I have the Dish 1000 Dual LNB connected to the third input on a DP 34 switch. I believe it is connected properly but not working for some reason. I do not know much about this stuff so forgive my ignorance. I have my switch outputs connected to a couple of DISH 811s. I am in the process of getting 211 receivers to replace them with. I do not expect to receive any programming from 61w with the 811s but I thought I could get a jump on things by getting my Dish installed and aimed at 61W. I have not contacted Dish network about anything yet. Could it be my problem is that the 811 receiver cannot recognize 61w or is it because I have not had Dish network turn me on or something? Hopefully it is one of those things and not a bad switch or LNB. I would appreciate any suggestions or comments concerning my problem. Thanks


----------



## Rogueone (Jan 29, 2004)

does the 1000 have DP or DPP lnbs? don't think DPP's would work with the DP34


----------



## cherokeeafton (Mar 12, 2006)

Rogueone said:


> does the 1000 have DP or DPP lnbs? don't think DPP's would work with the DP34


The dish 1000 has a Dish Pro Plus Twin and a Dish Pro Dual. I connected the Dish Pro Dual to my DP 34 switch. When I do a check switch test, it recognizes my DP 34 switch and it shows Ports 1 and two from my dish 500 as OK for 110w and 119w. Port 3, which comes from the dish 1000, shows the Dual as connected but no signal. Any suggestions? Thanks


----------



## garys (Nov 4, 2005)

cherokeeafton said:


> The dish 1000 has a Dish Pro Plus Twin and a Dish Pro Dual. I connected the Dish Pro Dual to my DP 34 switch. When I do a check switch test, it recognizes my DP 34 switch and it shows Ports 1 and two from my dish 500 as OK for 110w and 119w. Port 3, which comes from the dish 1000, shows the Dual as connected but no signal. Any suggestions? Thanks


The DP34 will not work with DishProPlus equipment. Check the twin for an input, you should be able to connect the dual into that.


----------



## cherokeeafton (Mar 12, 2006)

garys said:


> The DP34 will not work with DishProPlus equipment. Check the twin for an input, you should be able to connect the dual into that.

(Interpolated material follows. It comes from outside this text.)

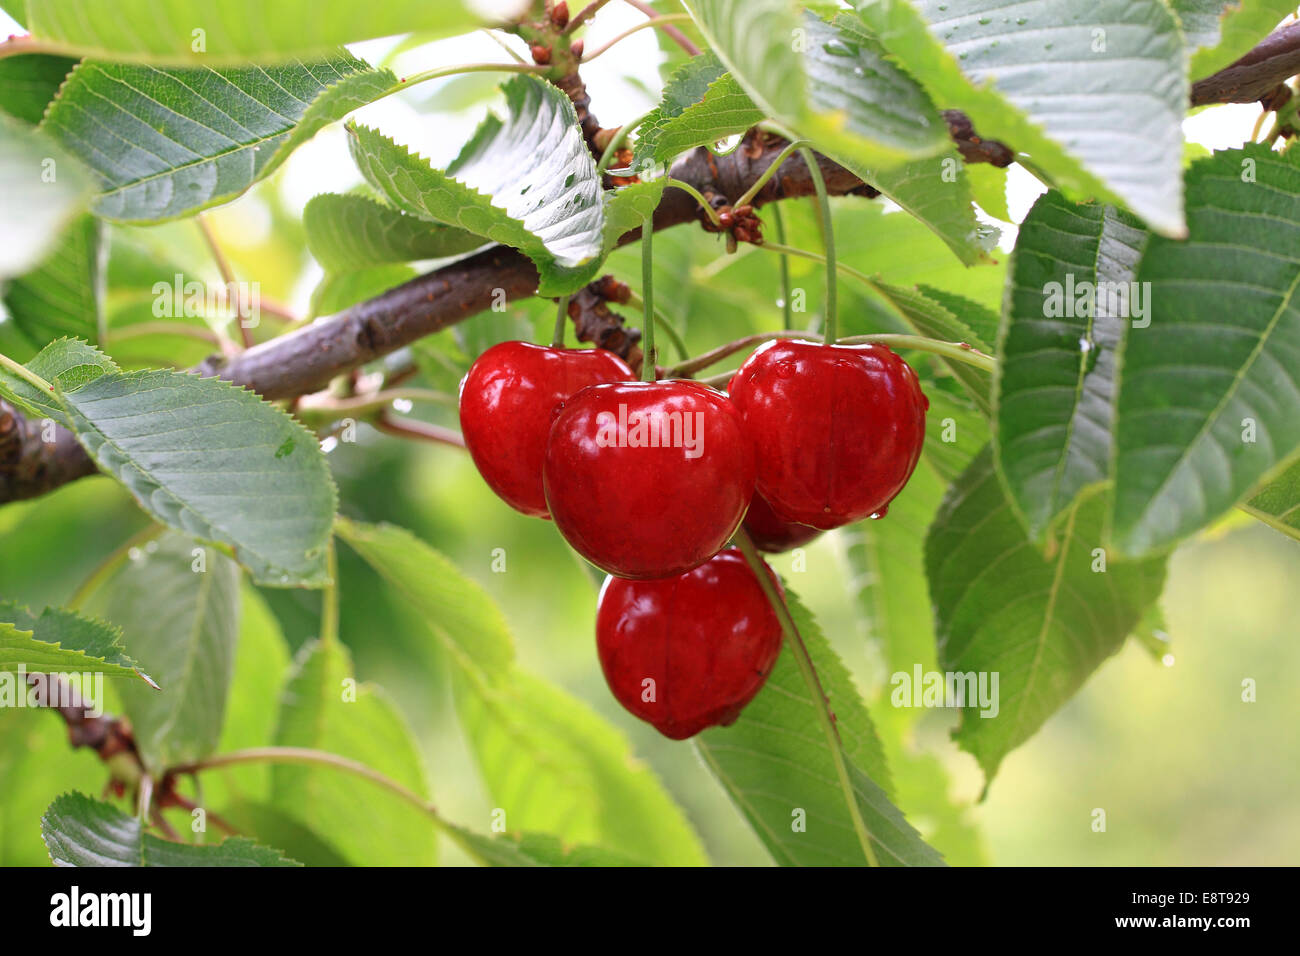 Sweet cherries on the twig, Schneiders Späte Knorpelkirsche variety Stock Photo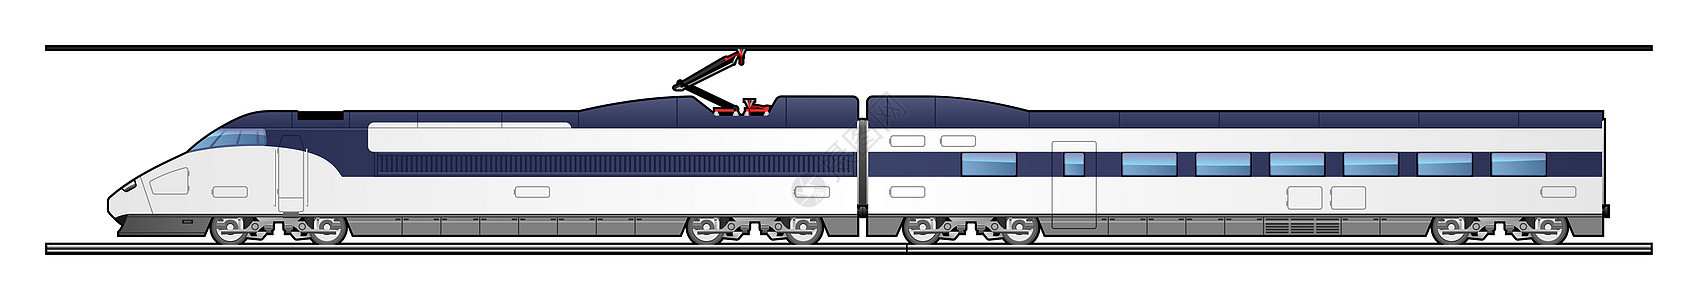 高速火车机车乘客运输列车铁路白色绘画插图草稿草图图片

I am confused by what you said. I did not connect to the DishProPlus LNB. I connected to the DishProDual. Are you saying to connect the dual to the twin then the twin to the switch? Thanks


----------



## garys (Nov 4, 2005)

Dual to the twin to the receiver. The DPP twin has switch built into it.


----------



## Fifty Caliber (Jan 4, 2006)

How many receivers are being hooked up in this installation?


----------



## cherokeeafton (Mar 12, 2006)

Fifty Caliber said:


> How many receivers are being hooked up in this installation?


Garys, Thanks for the info but I have four receivers I must go through the switch.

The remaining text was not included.